**Records**
= = =

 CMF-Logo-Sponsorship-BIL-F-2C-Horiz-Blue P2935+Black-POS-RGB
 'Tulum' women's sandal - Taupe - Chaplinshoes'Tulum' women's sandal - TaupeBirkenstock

= = =

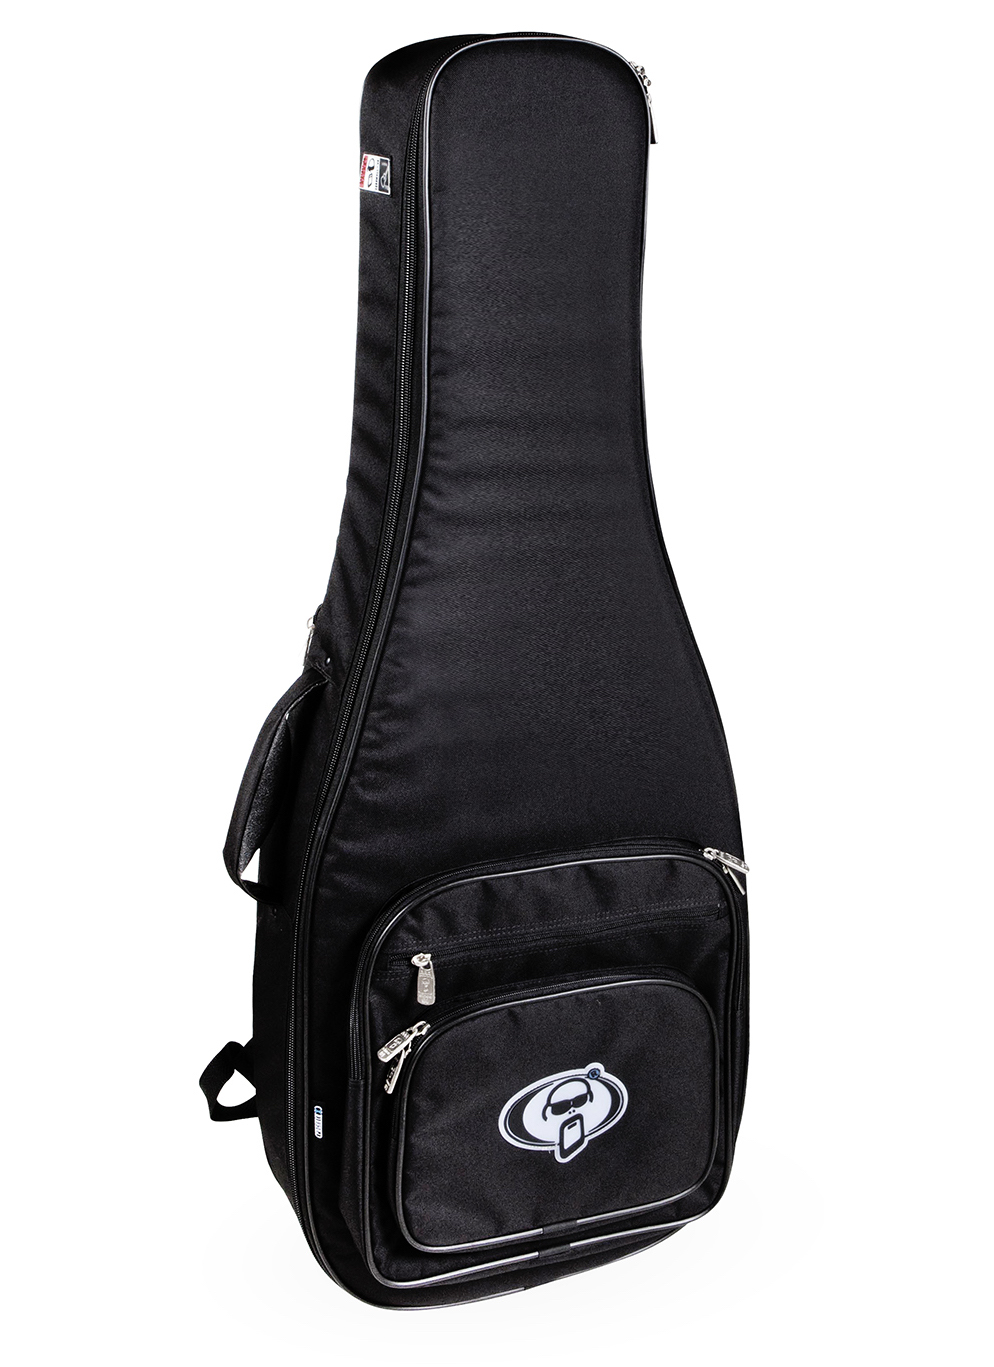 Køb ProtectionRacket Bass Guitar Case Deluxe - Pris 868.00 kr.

= = =

**Aim of the task**
Extract the lines of the preceding material that run from the line with "CMF-Logo-Sponsorship-BIL-F-2C-Horiz-Blue P2935+Black-POS-RGB" through the line with "sandal - TaupeBirkenstock", inclusive, reproducing them exactly and adding nothing.

**Answer for the task**
 CMF-Logo-Sponsorship-BIL-F-2C-Horiz-Blue P2935+Black-POS-RGB
 'Tulum' women's sandal - Taupe - Chaplinshoes'Tulum' women's sandal - TaupeBirkenstock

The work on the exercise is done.